Глазунов – стойкий социоэстетический феномен. У него – об этом трудно сказать в отношении большинства системных («творчески-союзовских») позднесоветских художников – была своя реально большая аудитория. В этом плане он – в старом смысле слова – народен. Какой бы частью народа его аудитория ни была. И он вполне смог репрезентировать ее представления об истории своей страны. Это важно: не историю. А именно представления этой уходящей общественной группы об истории. Какими бы они ни были. Группе же, вошедшей сегодня в силу, Глазунов уже не нужен. Эта масса далеко обошла его на пути упрощений: он создавал мифы, она живет лозунгами и жаждет действия.

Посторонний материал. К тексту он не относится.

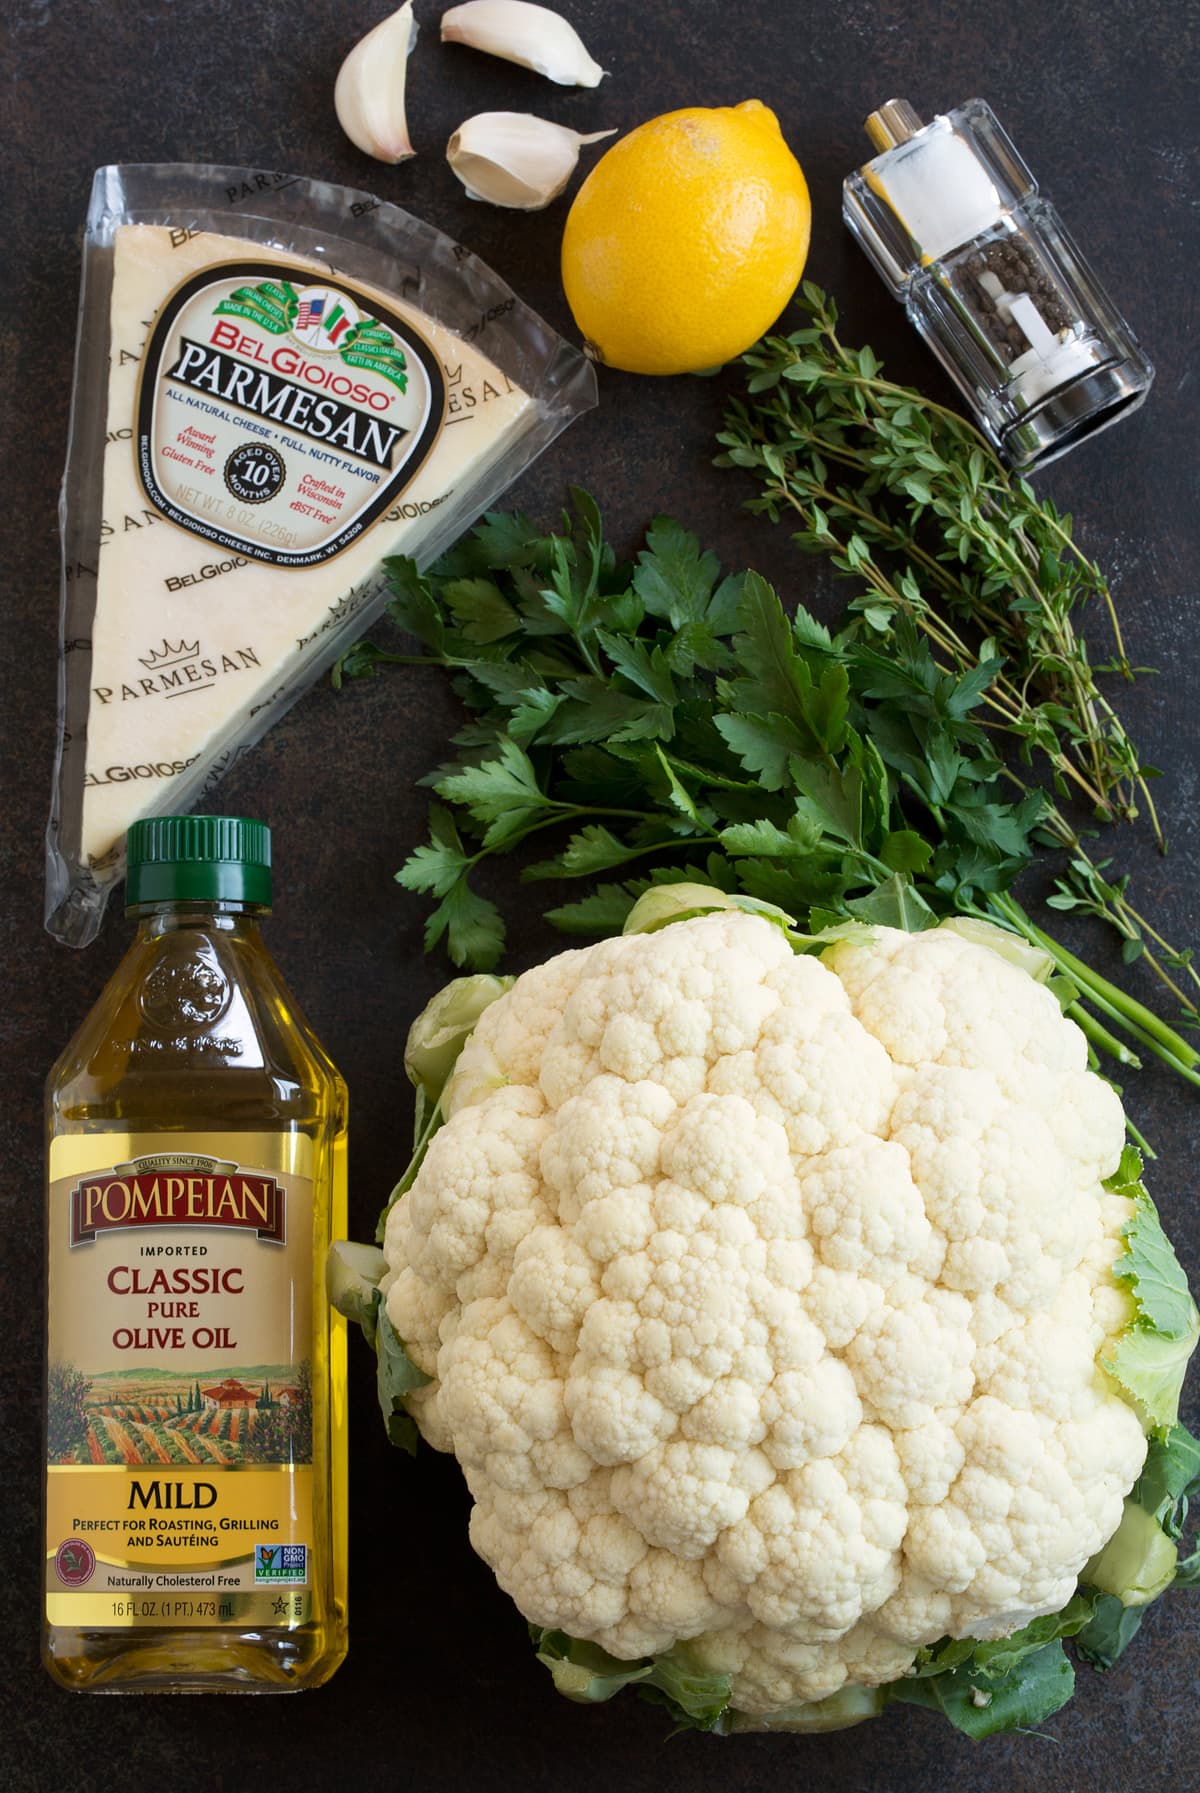 Image of ingredients used to make roasted cauliflower. Includes whole head of cauliflower, olive oil, salt and pepper then optional seasonings garlic, lemon, parmesan and fresh herbs.

Такая вот судьба. Глазунов в последние годы не маневрирует в поисках новых таргет-групп, не дает себя использовать, как, скажем, Проханов, в роли медийного политического фрика. Он, видимо, продолжает свои безразмерные циклы – как бы досылает их в некий визуально-социологический архив, призванный фиксировать существовавшие в обществе иллюзии и обманы, как возвышающие, так и опускающие. Он и сам вполне торжественно как бы вплывает в этот архив. И в этом плане, пожалуй, даже историчен.

2016

Час Брускина

Гриша Брускин на несколько лет старше меня, зато я провел детство в таком доме, где время шло медленнее, как бы консервировалось. Так что мы практически одного поколения, в том по крайней мере смысле, о котором пойдет речь ниже. Но сначала – о моем доме. Это был ленинградский дом, построенный до войны, так называемый сталинский: серый, с мощными – сегодня бы сказал, беренсианскими, то есть бравшими образец в здании немецкого посольства на Исаакиевской площади, – колоннами. В околотке дом назывался генеральским – там действительно жили отставные или близкие к тому генералы среднего звена с семьями. Кругом были старые, Измайловского еще гвардейского полка, казармы, улицы до революции назывались ротами, в то время, понятное дело, – улицами Красноармейскими, по номерам, с 1-й по 13-ю. Я хорошо помню рожок, то есть горн, трубивший побудку. Солдатиков спозаранку гоняли, обучая строевому шагу, по ближайшей Красноармейской, 8-й, мы, ошалевшая мелюзга генеральского дома, нет-нет да и въезжали на своих трехколесниках и «Орленках» в марширующие жидкие шеренги. Солдатики шарахались, ломая строй, старшины орали на них бешено, нас же, на всякий случай, не трогали: черт его знает, чей недоросль носится сломя голову. Может, какого опасного человека недоросль. Во дворе совершали моцион старички в шинелях и папахах, чинно раскланивались, расходились группками по интересам. Интересы были военными, да и все вокруг было военным. Война закончилась не десять с лишком лет тому назад, а где-то чуть ли и не вчера.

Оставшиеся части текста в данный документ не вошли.